11. Commitments and Contingencies

On August 13, 2014, Cinedigm Corp. and Cinedigm Entertainment Holdings, LLC (together, “Cinedigm”) initiated an arbitration proceeding under the Membership Interest Purchase Agreement, dated October 17, 2013, by and among Cinedigm and Gaiam, Inc. and one of its subsidiaries (the “MIPA”). The aggregate relief requested by Cinedigm exceeded $30.0 million and included unspecified compensatory damages, attorneys’ fees, costs and interest, and other relief. Contractual provisions in the MIPA and related agreements provided that the working capital adjustment dispute would be resolved pursuant to arbitration before a nationally recognized accounting firm (the “WC Arbitration”), and the other disputes would be resolved pursuant to arbitration before the American Arbitration Association (the “AAA Arbitration”).

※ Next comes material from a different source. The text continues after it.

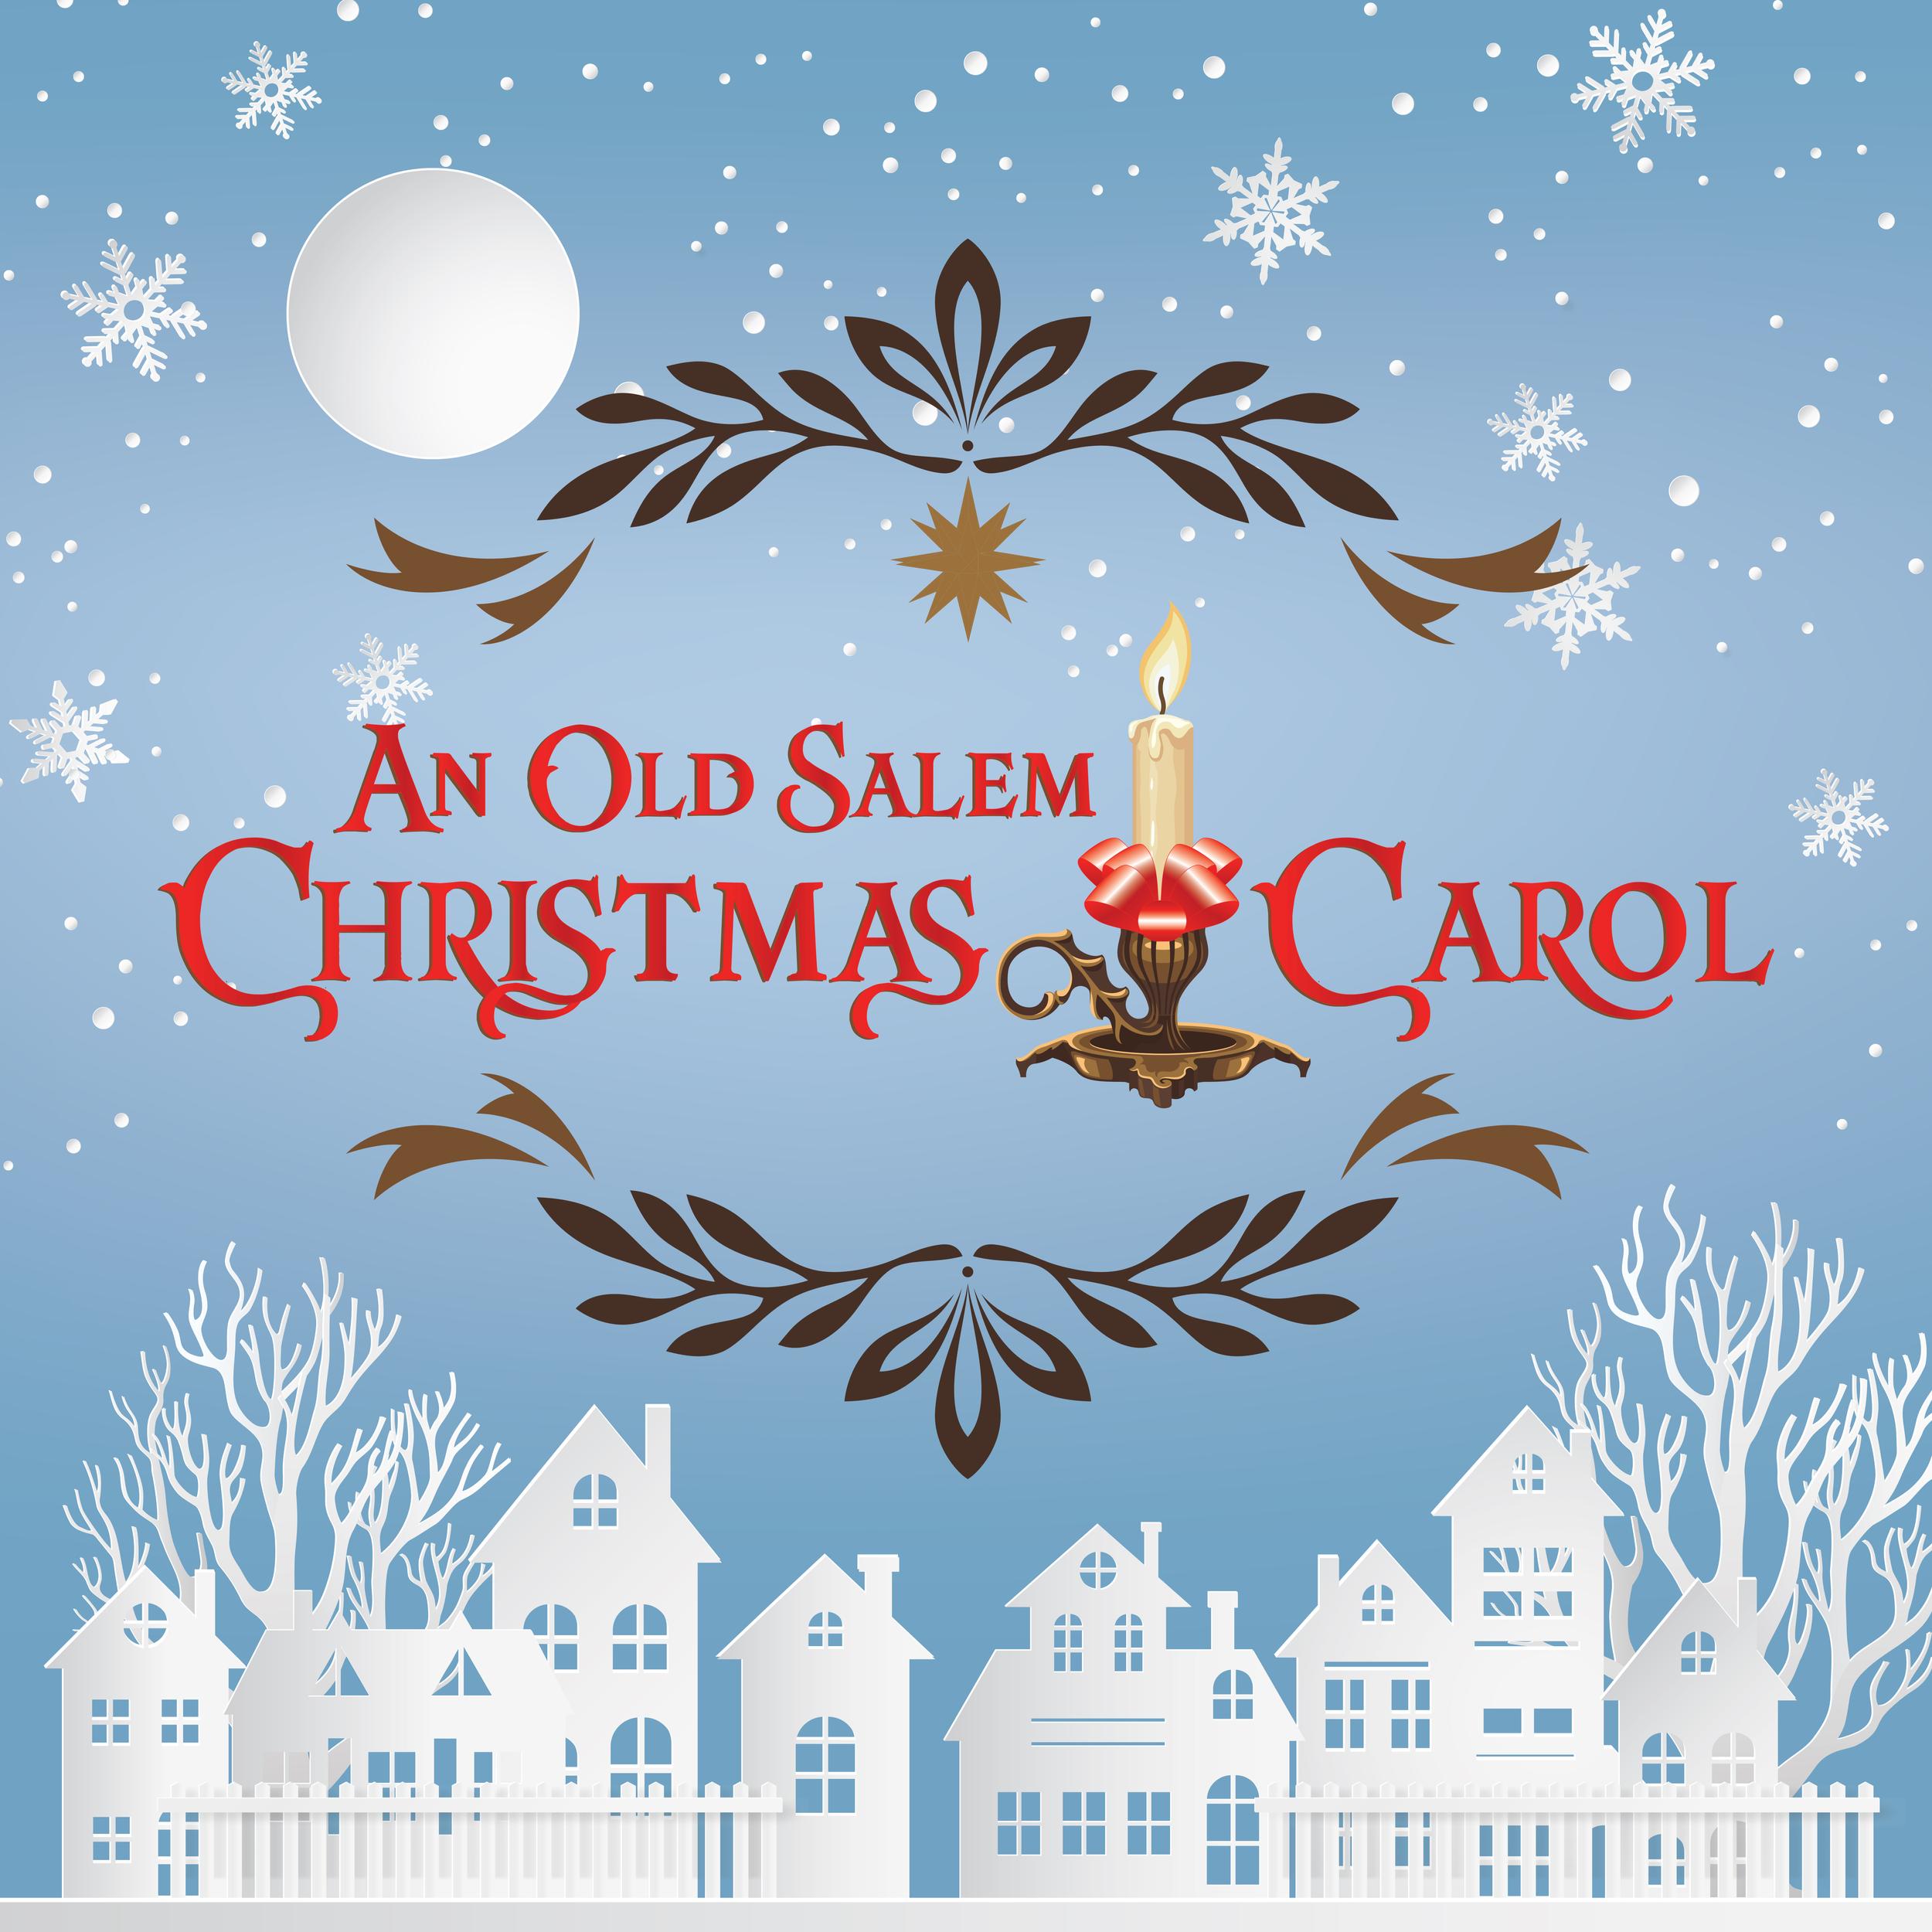 Winston Salem Christmas Carol 2020 An Old Salem Christmas Carol 2019 | Little Theatre of WS

Following the conclusion of the WC Arbitration, the parties entered into a Confidential Settlement Agreement and Release on September 30, 2015 (the “Settlement”). The Settlement resolves all of the parties’ claims in connection with both the WC Arbitration and the AAA Arbitration (including the claims for working capital adjustment, breach of representations and warranties, breach of contract, fraud and other tortious acts)-with the sole exception of a single claim by Cinedigm (which was preserved) related to the reconciliation of cash collected by the Company during the transition period following the closing of the transaction (the “Cash Reconciliation Claim”). The Settlement provides that the Company will deliver a payment of $2.3 million to Cinedigm. The Settlement further provides that the Cash Reconciliation Claim will be resolved through one final arbitration (which has not yet been scheduled). The Settlement limits the Company’s potential exposure in connection with the Cash Reconciliation Claim. The company believes it has adequately accrued for the pending arbitration and does not expect any material additional settlements beyond the current estimate.
 
The Settlement does not constitute an admission by either party of any liability or wrongdoing whatsoever. The Company entered into the Settlement in order to (i) eliminate the uncertainty and risk inherent in any litigation, (ii) significantly reduce the professional fees and costs that the litigation would require, and (iii) significantly reduce the distraction imposed by the process on management.

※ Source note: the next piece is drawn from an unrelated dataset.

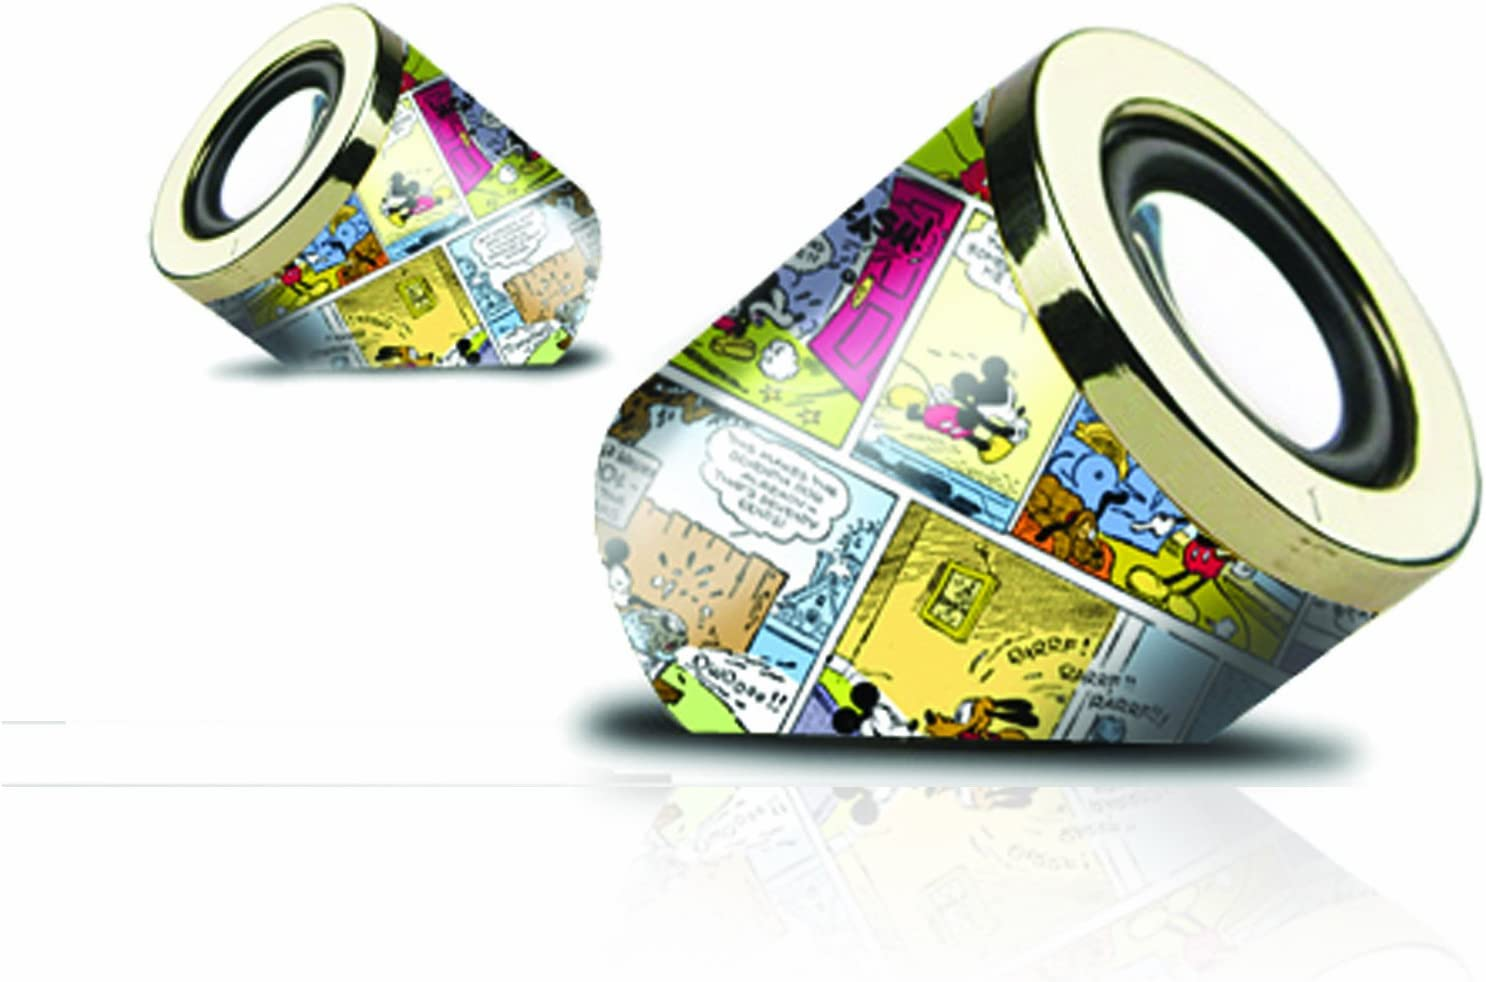 Disney Mickey Mouse 2.0 USB Speakers

During the three months ended September 30, 2015, the Company recorded charges of $10.7 million which include a non-cash charge of $7.3 million for the working capital receivable due from Cinedigm. The expenses associated with the Settlement and arbitration have all been included in Loss from discontinued operations in the accompanying condensed consolidated statements of operations.
From time to time, we are involved in legal proceedings that we consider to be in the normal course of business. Claimed amounts against us may be substantial but may not bear any reasonable relationship to the merits of the claim or the extent of any real risk of court or arbitral awards. We record accruals for losses related to those matters against us that we consider to be probable and that can be reasonably estimated. Although it is not feasible to predict the outcome of these matters with certainty, it is reasonably possible that some legal proceedings may be disposed of or decided unfavorably to us and in excess of the amounts currently accrued. Based on available information, in the opinion of management, settlements, arbitration awards and final judgments, if any, which are considered probable of being rendered against us in litigation or arbitration in existence at September 30, 2015 and can be reasonably estimated are reserved against or would not have a material adverse effect on our financial condition, results of operations or cash flows.